=== RECORDS PROVIDED ===
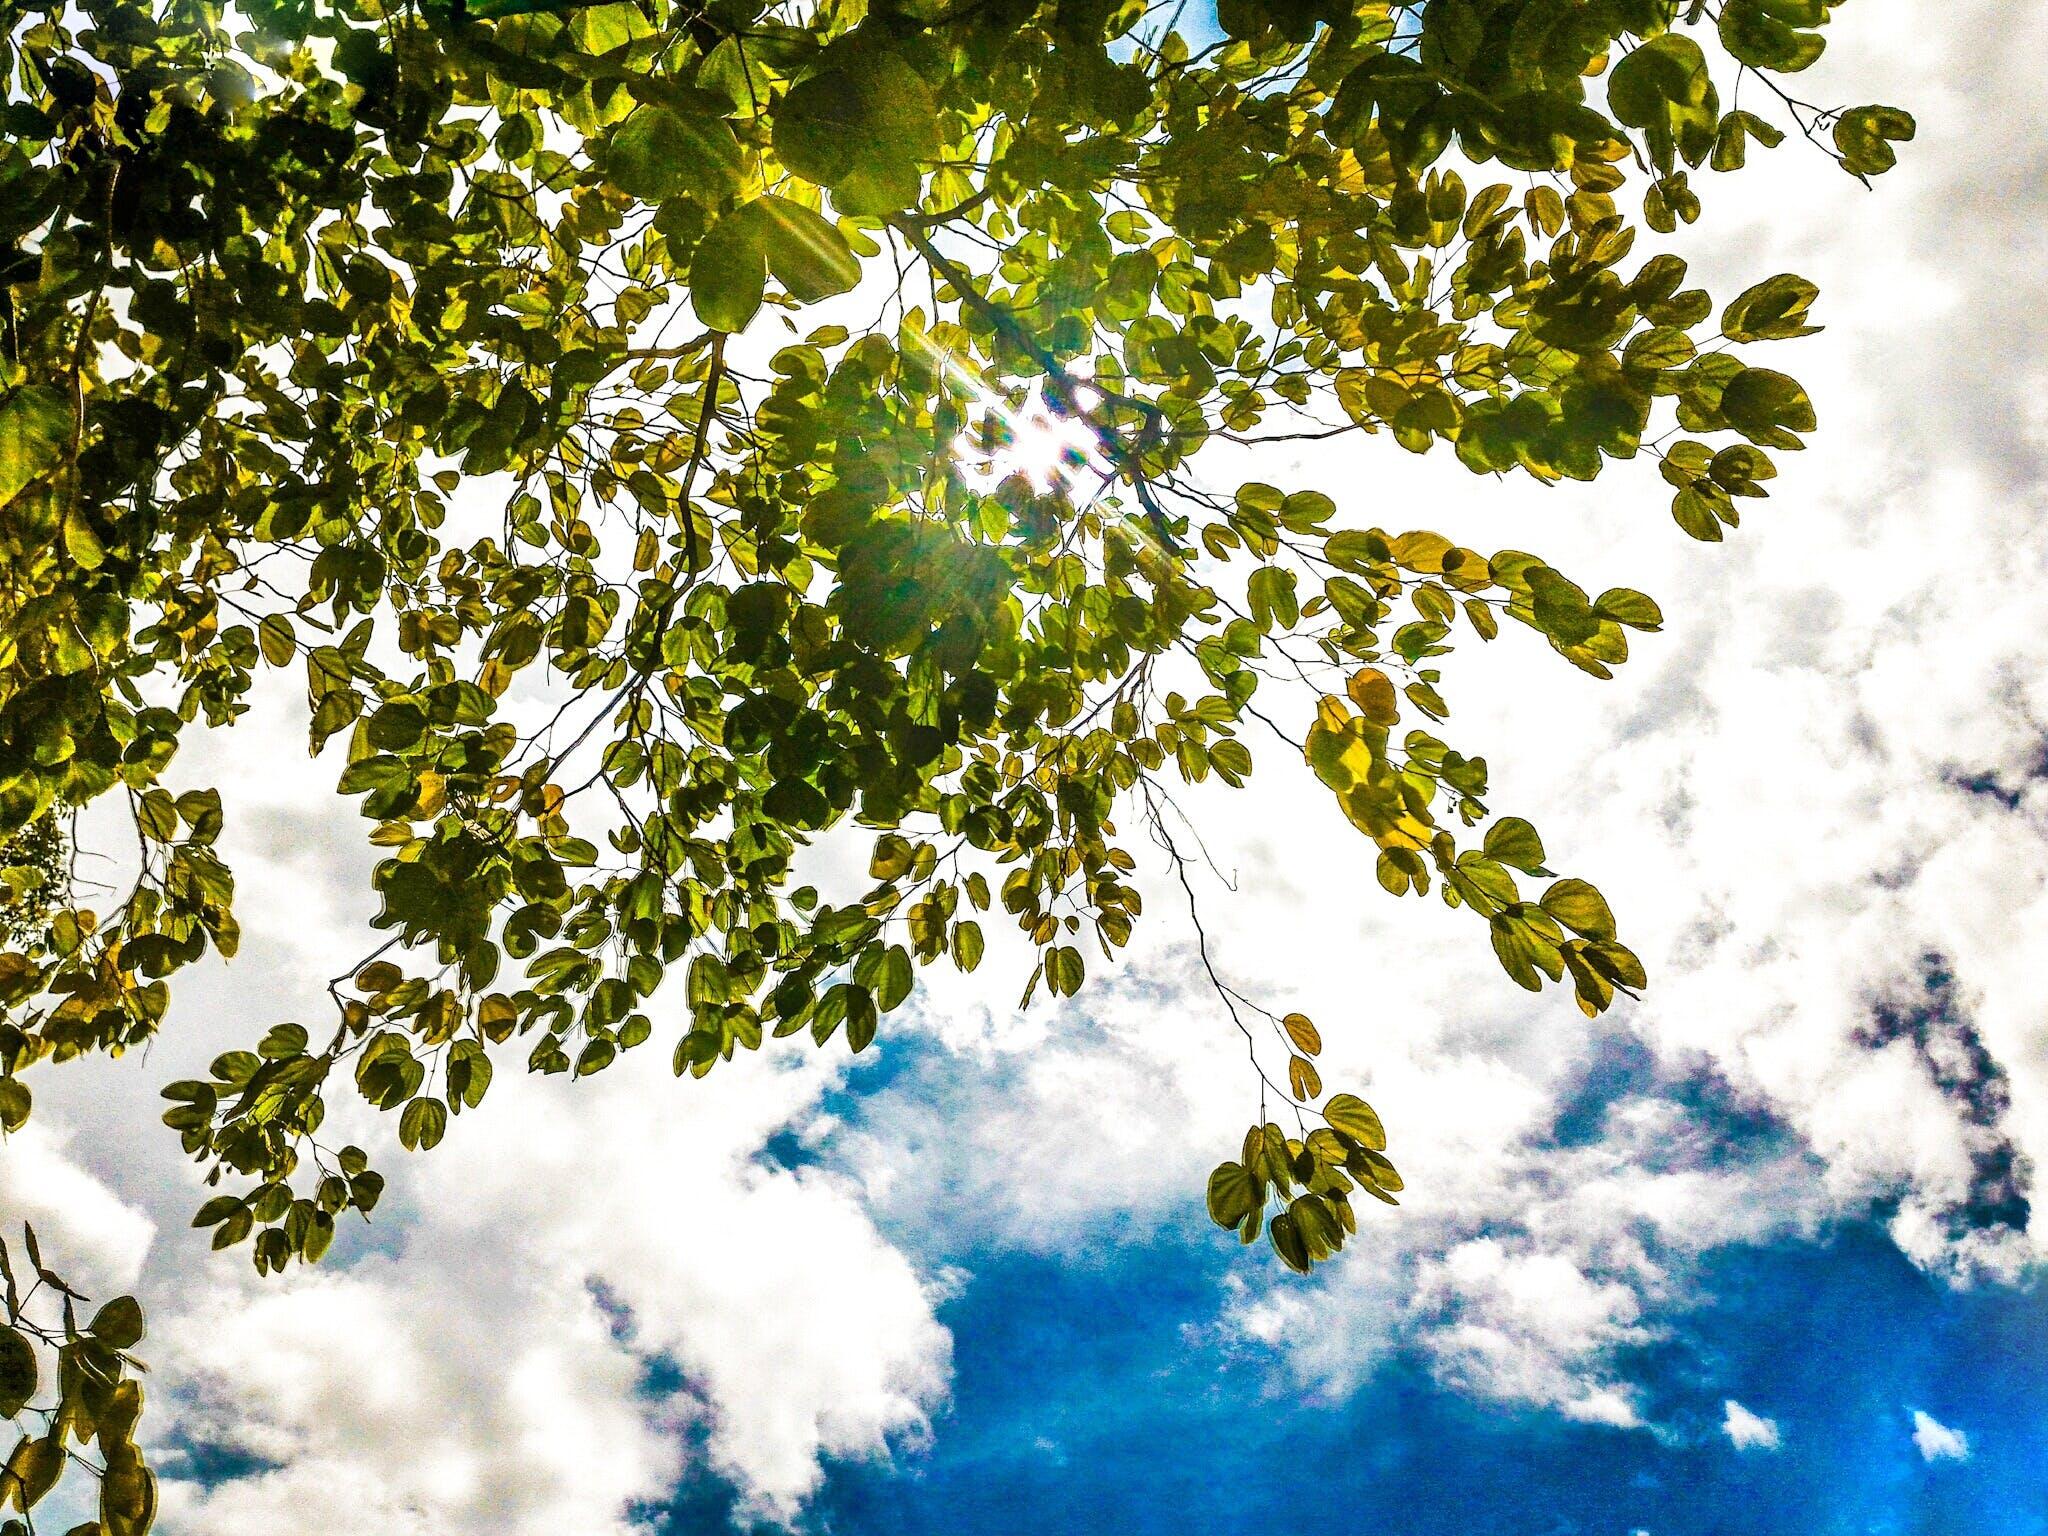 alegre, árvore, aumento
===
=== RECORDS PROVIDED ===
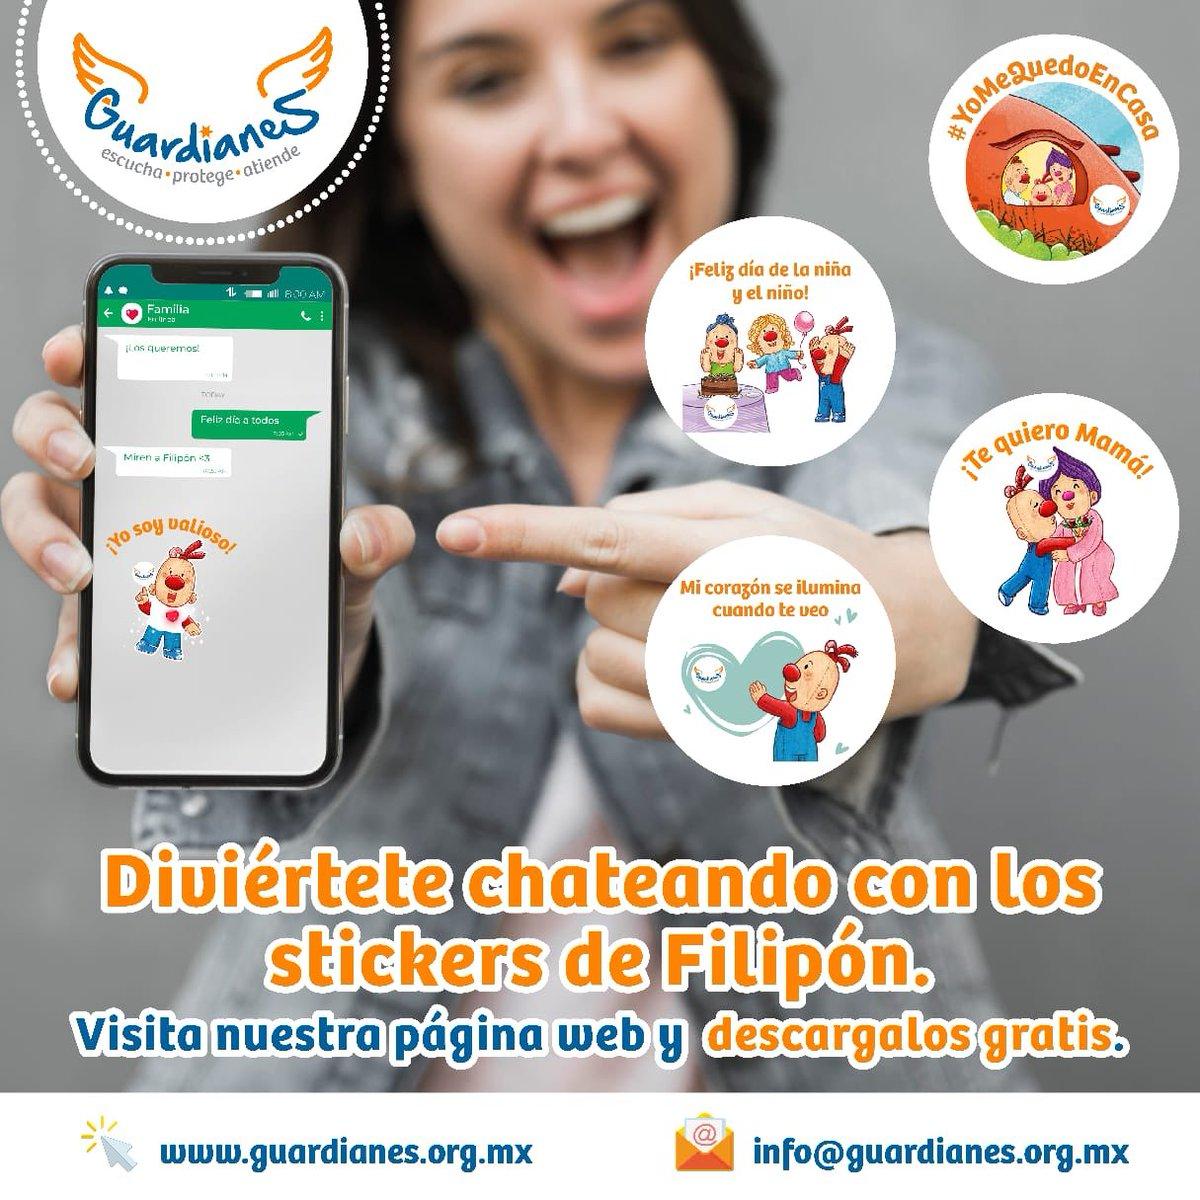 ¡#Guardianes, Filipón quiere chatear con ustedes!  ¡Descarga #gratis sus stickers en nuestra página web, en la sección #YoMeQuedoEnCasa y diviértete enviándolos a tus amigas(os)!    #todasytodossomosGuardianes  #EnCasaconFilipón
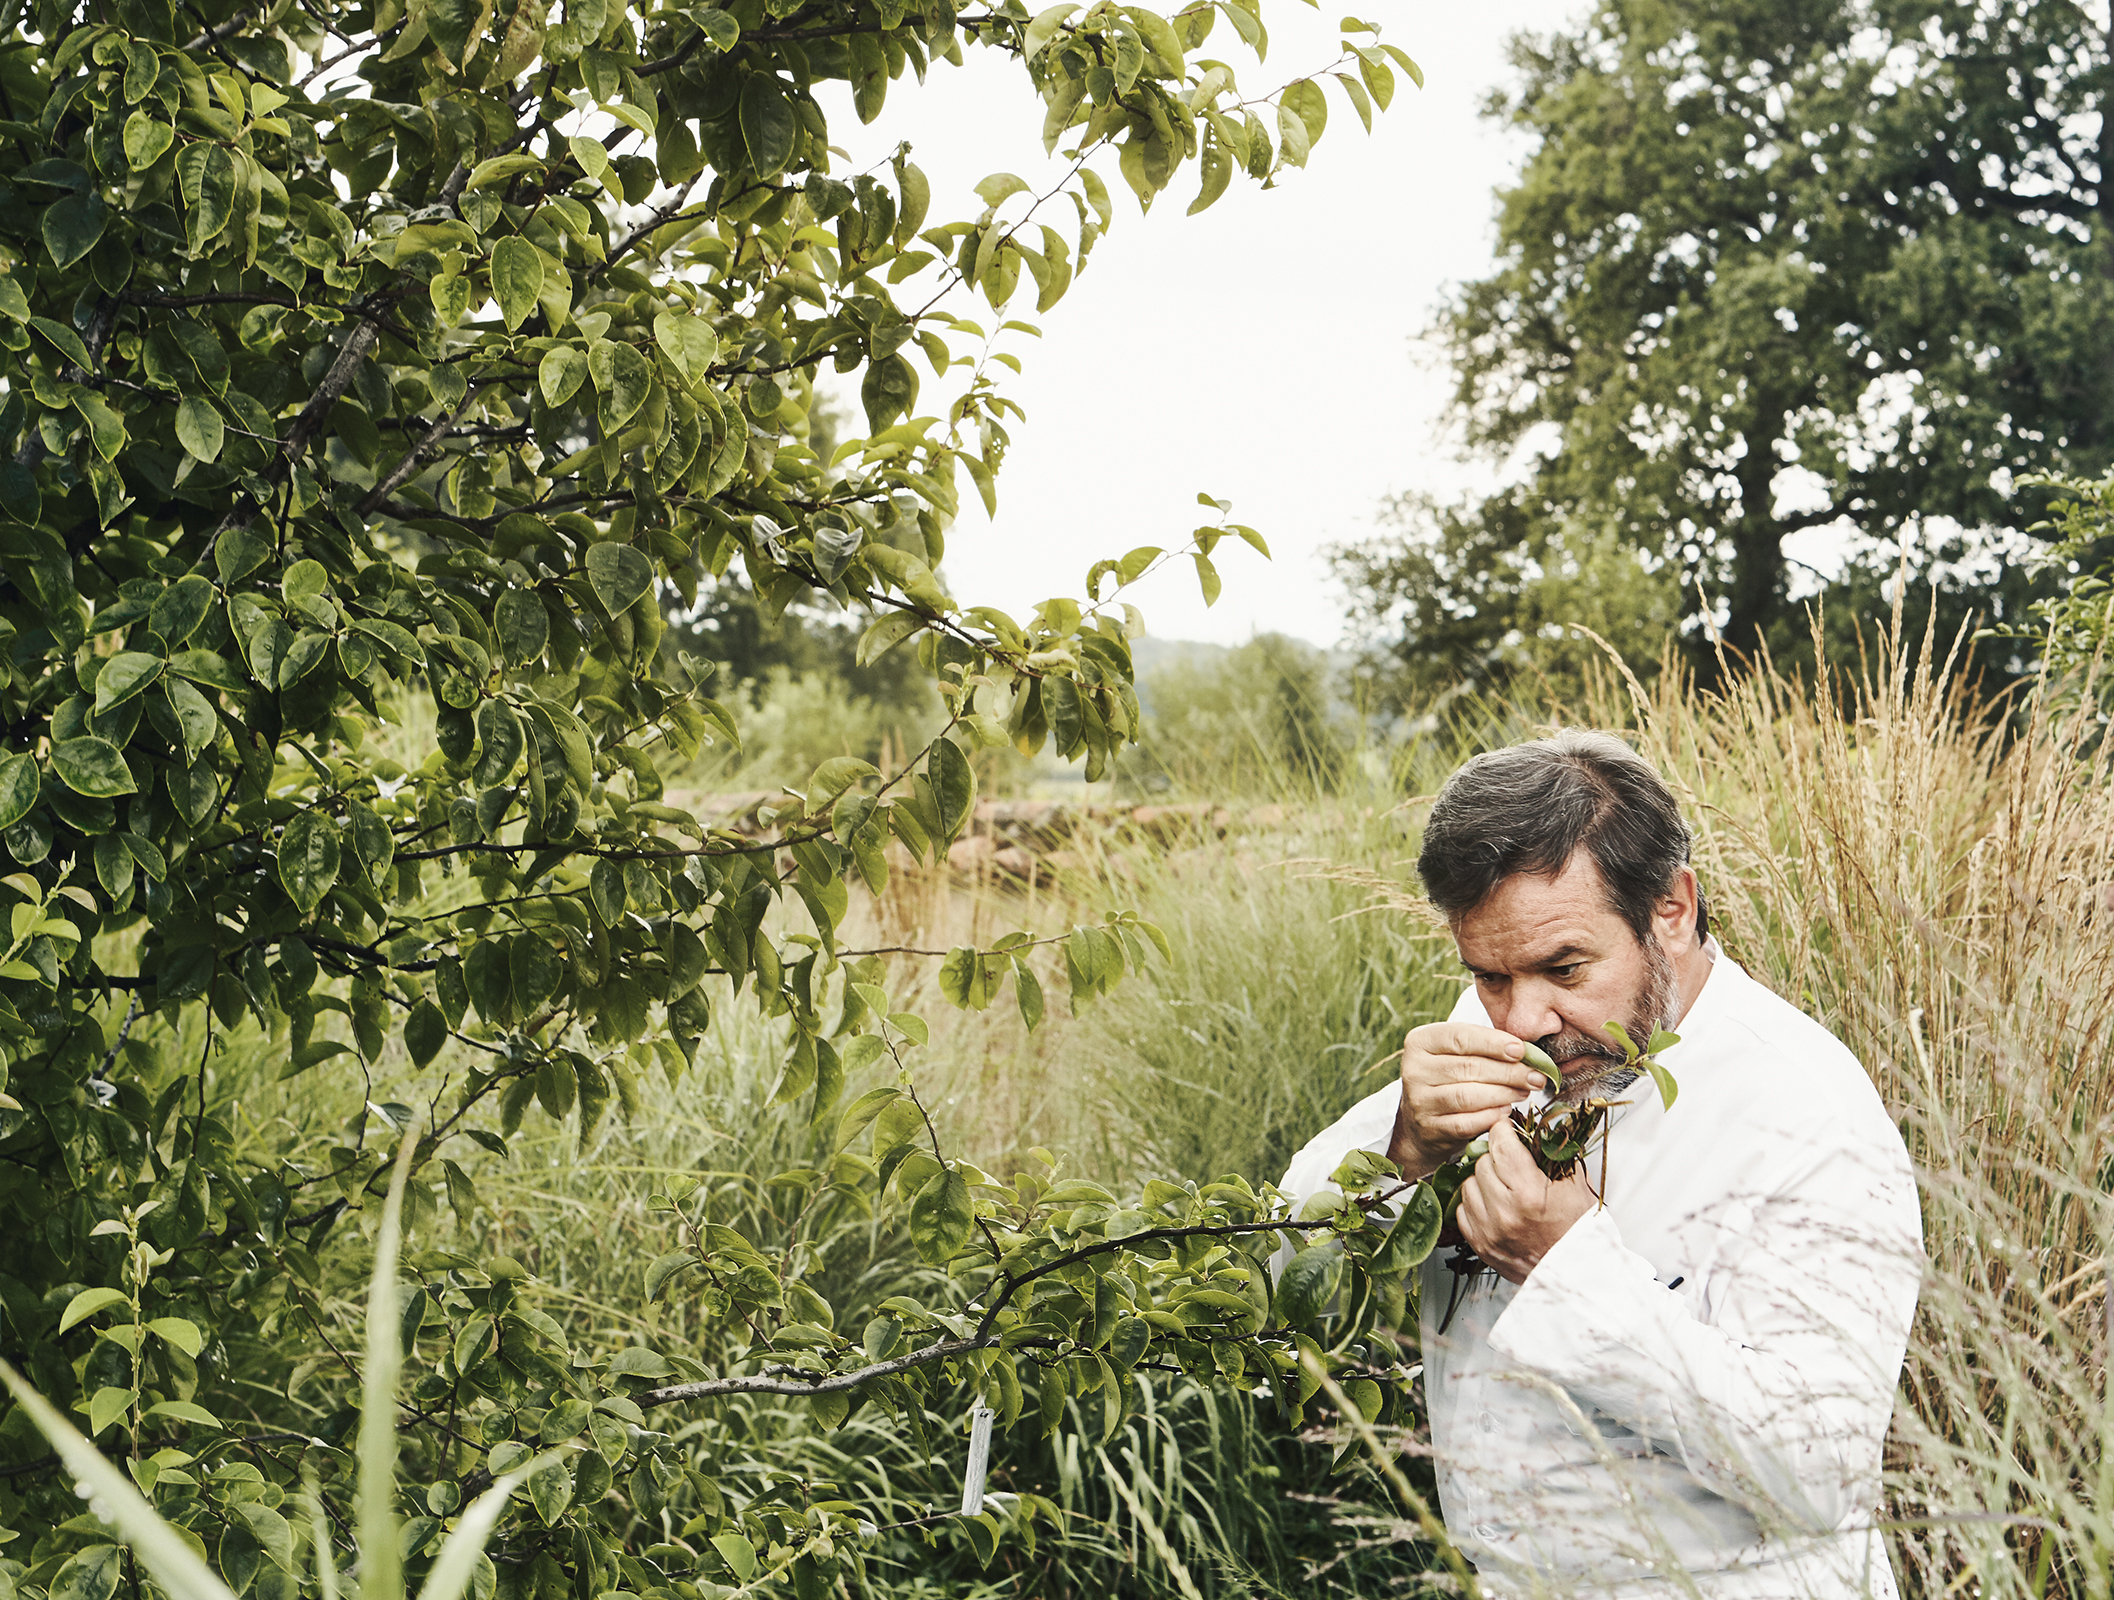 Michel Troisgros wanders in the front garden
===
=== RECORDS PROVIDED ===
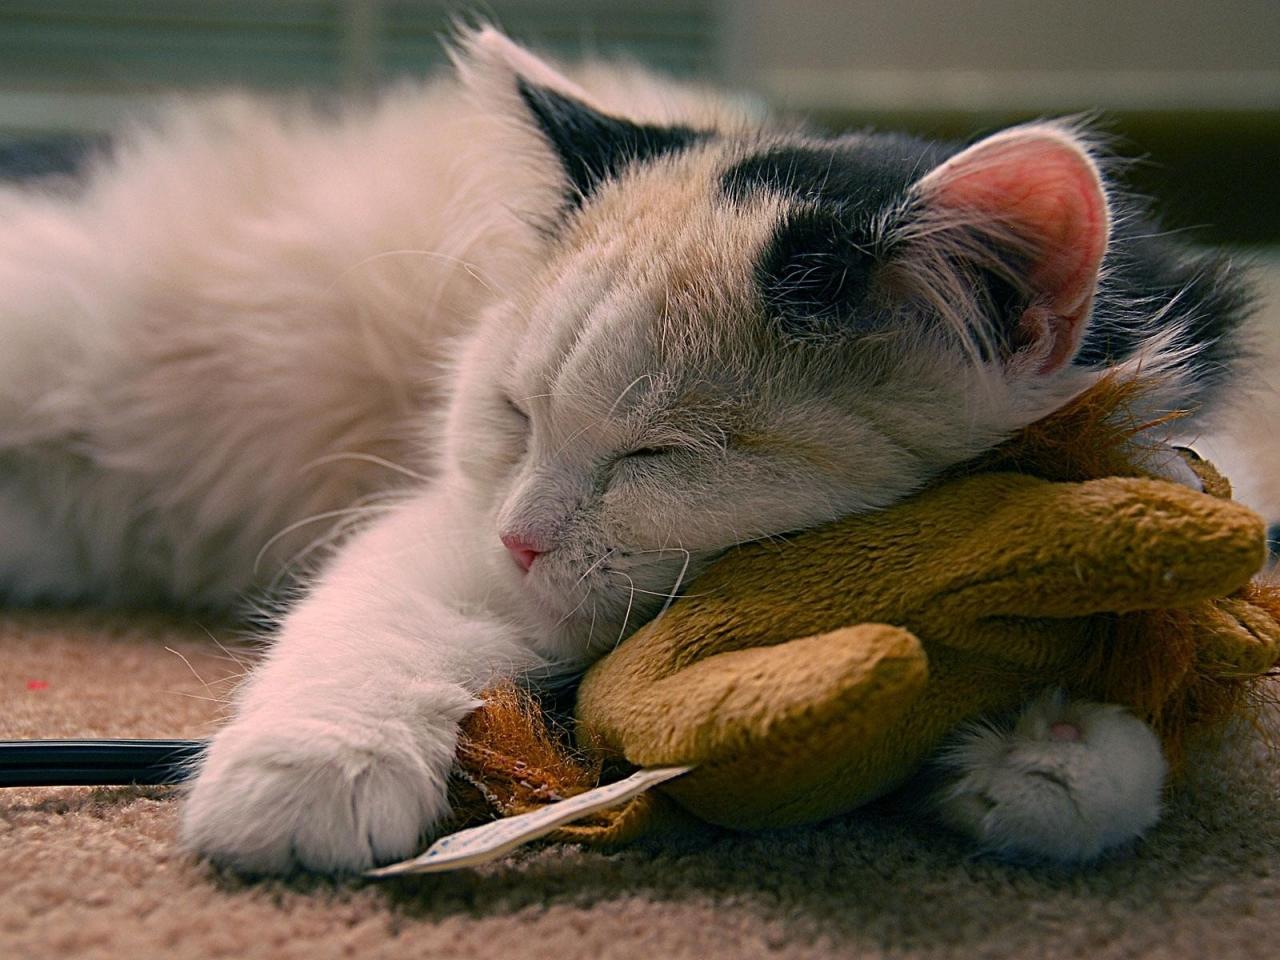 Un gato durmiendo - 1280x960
===
In the listing above, find the line with "Filipón quiere chatear" and the line with "Michel Troisgros wanders in the front garden". Set down exactly those lines and everything between them, skipping pictures.

 ¡#Guardianes, Filipón quiere chatear con ustedes!  ¡Descarga #gratis sus stickers en nuestra página web, en la sección #YoMeQuedoEnCasa y diviértete enviándolos a tus amigas(os)!    #todasytodossomosGuardianes  #EnCasaconFilipón
 Michel Troisgros wanders in the front garden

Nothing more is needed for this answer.